Мы поселились в левой половине большого крестового дома, стоящего на краю небольшого поля с пожелтевшей пшеничной стерней. В правой половине была ссыпана колхозная пшеница. На двери висел огромный амбарный замок. В нашей половине размером четыре на восемь метров посредине стояла огромная печь, изготовленная из металлической двухсотлитровой бочки. У дальней от двери стены во всю ширину громоздились обширные деревянные нары, застеленные пшеничной соломой. У левой стены стоял старый самодельный стол, рядом две деревенские лавки, рассчитанные минимум на четверых Ильей Муромцев. Огромная печь пожирала дрова в неимоверных количествах. На ночь мы набивали ее полностью сырыми лиственничными и березовыми чурками, чтобы горели как можно дольше. И, несмотря на все наши старания, к утру становилось холодно, как в склепе. У нас не было ни спальников, ни одеял и никакого сменного белья. Поэтому к утру мы зарывались в пшеничную солому, как поросята, и все равно мерзли.
Пушной, как и иной, промысел коренным образом отличается от любительской охоты. Последняя — для души, для отдыха. Потешить душеньку, сменить обстановку — и через день-другой снова под сень цивилизации: к теплому душу, уютному дивану, безотказному телевизору. Ни тебе заготовки дров, ни утомительной беготни по лесным непролазным дебрям. На промысле профессиональному охотнику все без исключения приходится делать самому. Рабочий день не менее шестнадцати часов, нет выходных и праздников. И потекли у нас деньки, не похожие один на другой. Затемно поднимались по крутому правому берегу и разбегались по бескрайней тайге.

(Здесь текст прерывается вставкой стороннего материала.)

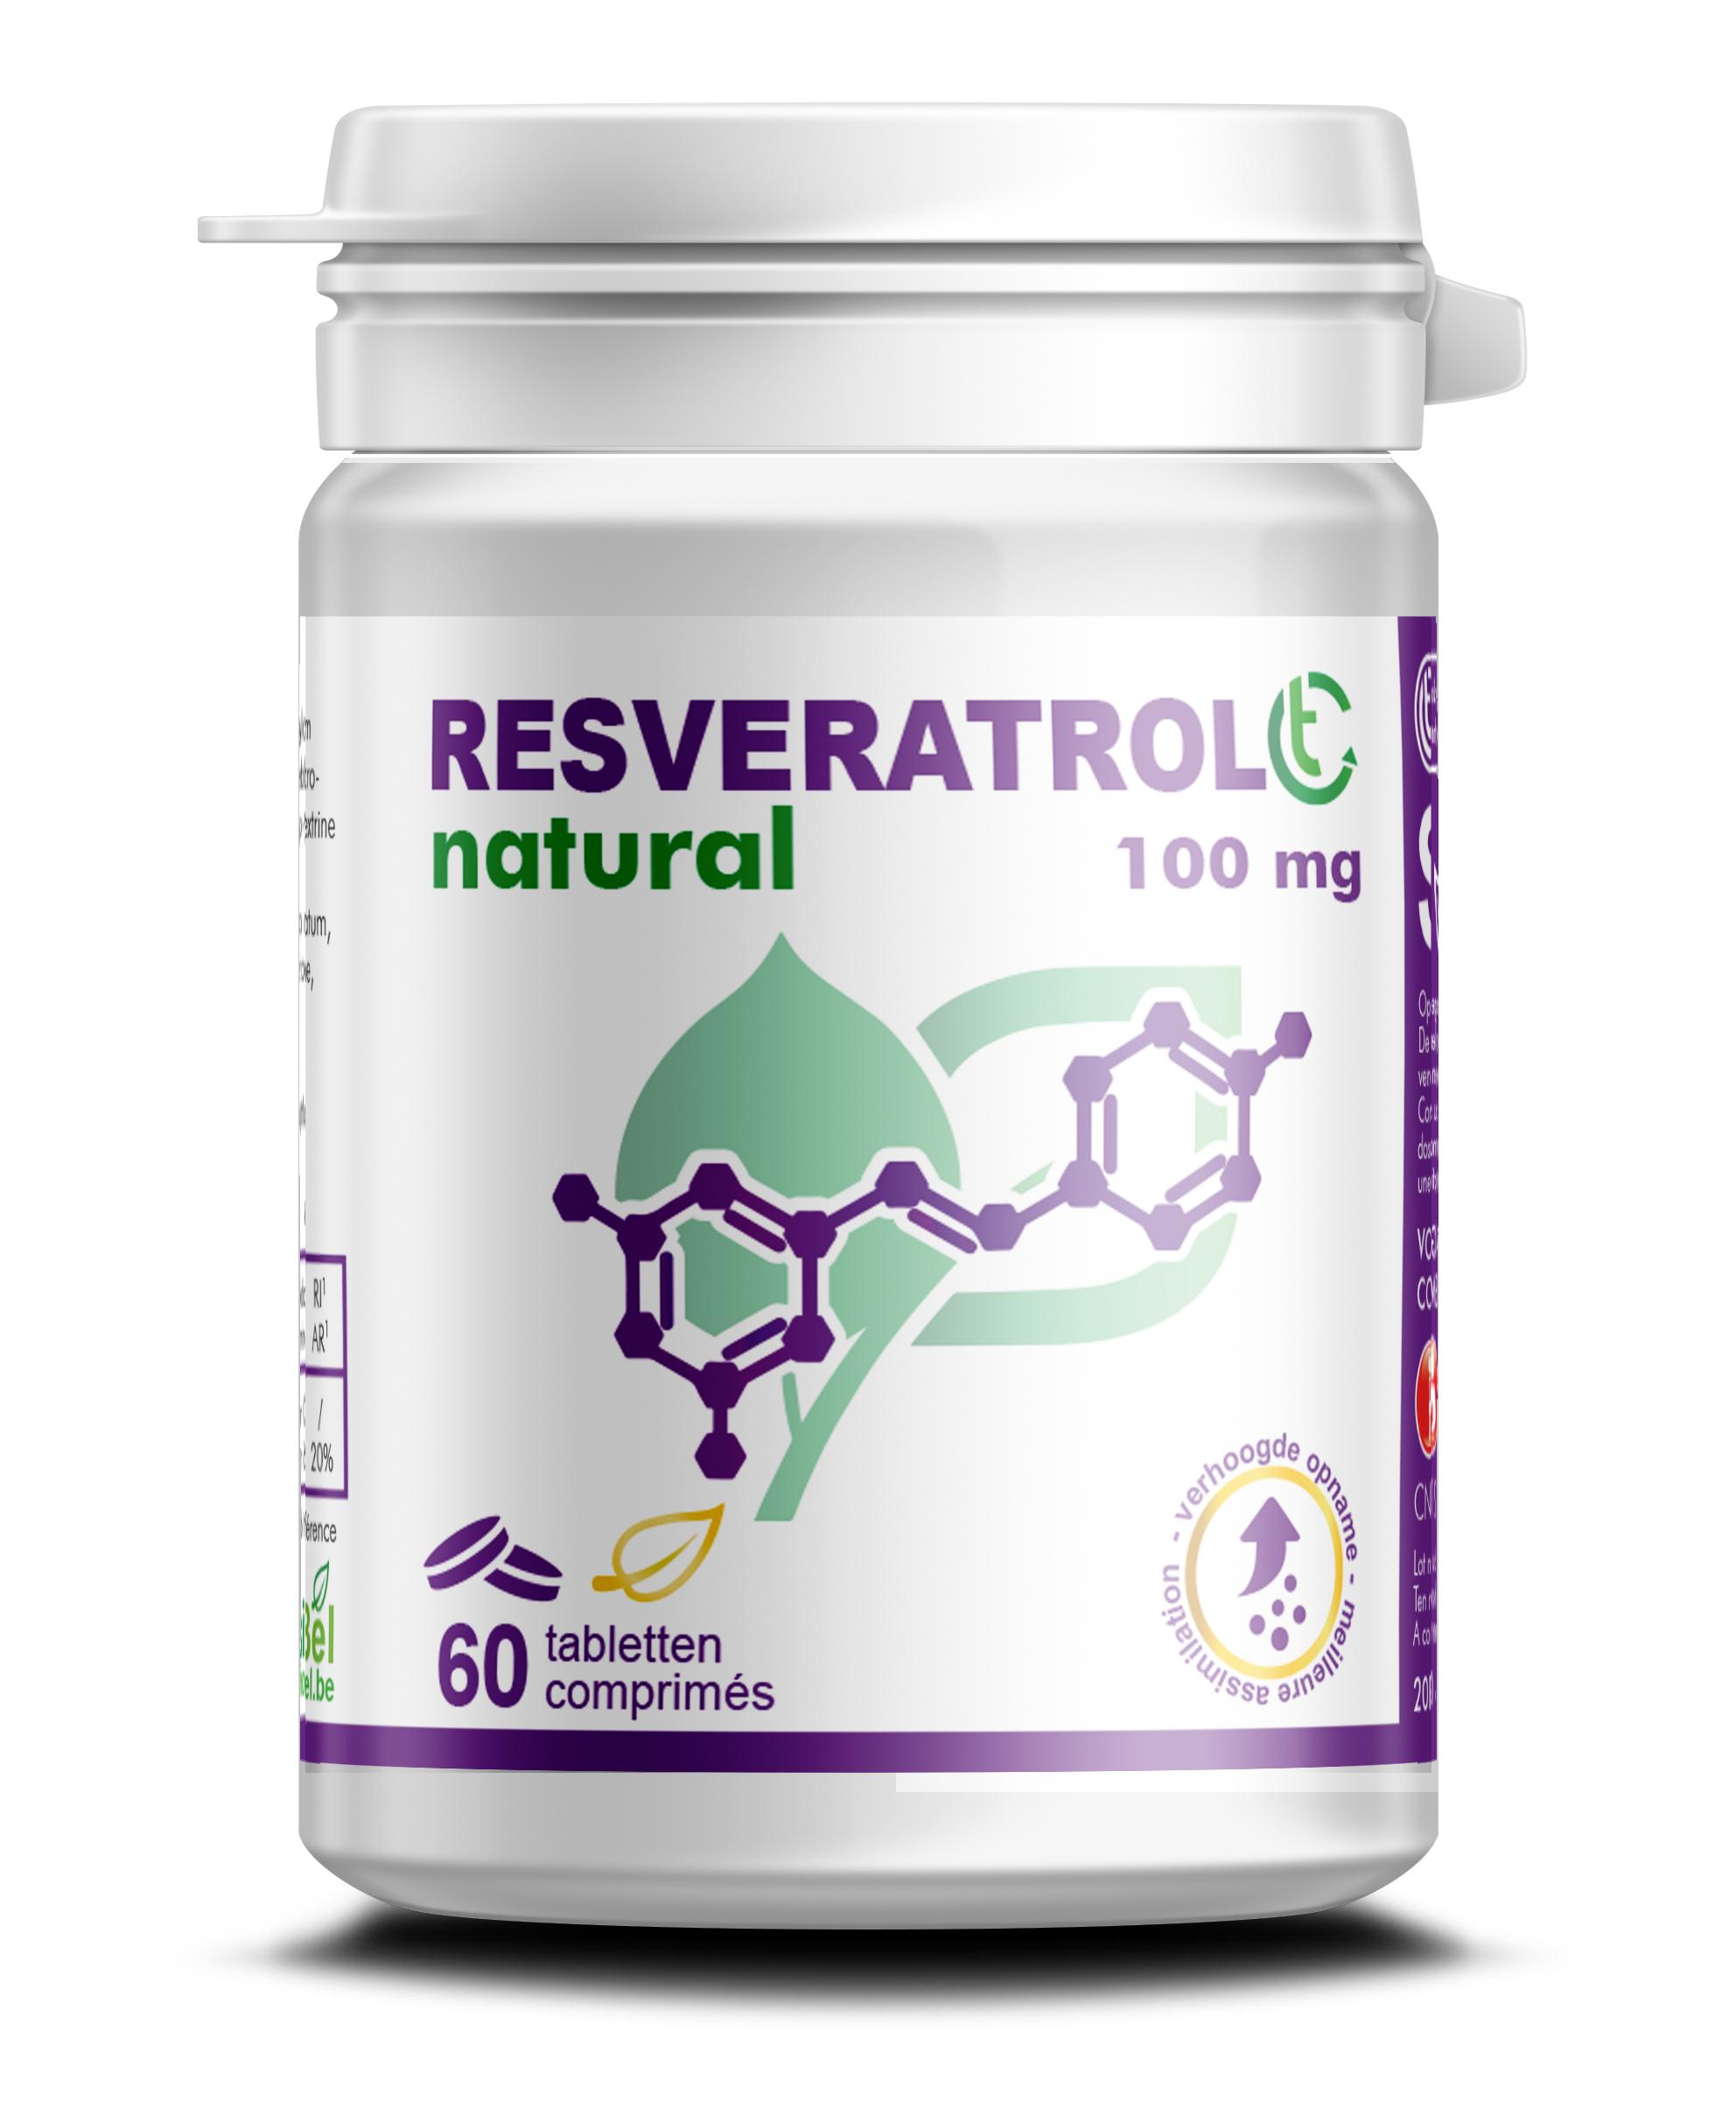 Resveratrol CT 100 mg

Собака бежала впереди меня, редко попадая в поле моего зрения. Но я все время ощущал ее присутствие где-то поблизости. Она чуяла меня на слух. Я менял направление движения — меняла и она. Белку она искала хорошо. Мы с ней ежедневно добывали до десятка шустрых зверьков. Постепенно наши маршруты все дальше и дальше удалялись от избушки. Я приобретал неоценимый опыт охоты на белку и элементарного понимания тайги. Чувство ориентирования в любой местности, а тем более в дикой тайге, — это от Бога. Промысловик отошел от зимовья, которое сразу запрятали дремучие сосны и кедры, и сколько бы ни прошел за день десятков километров по однообразной лесной местности, к вечеру вернется назад целым и невредимым.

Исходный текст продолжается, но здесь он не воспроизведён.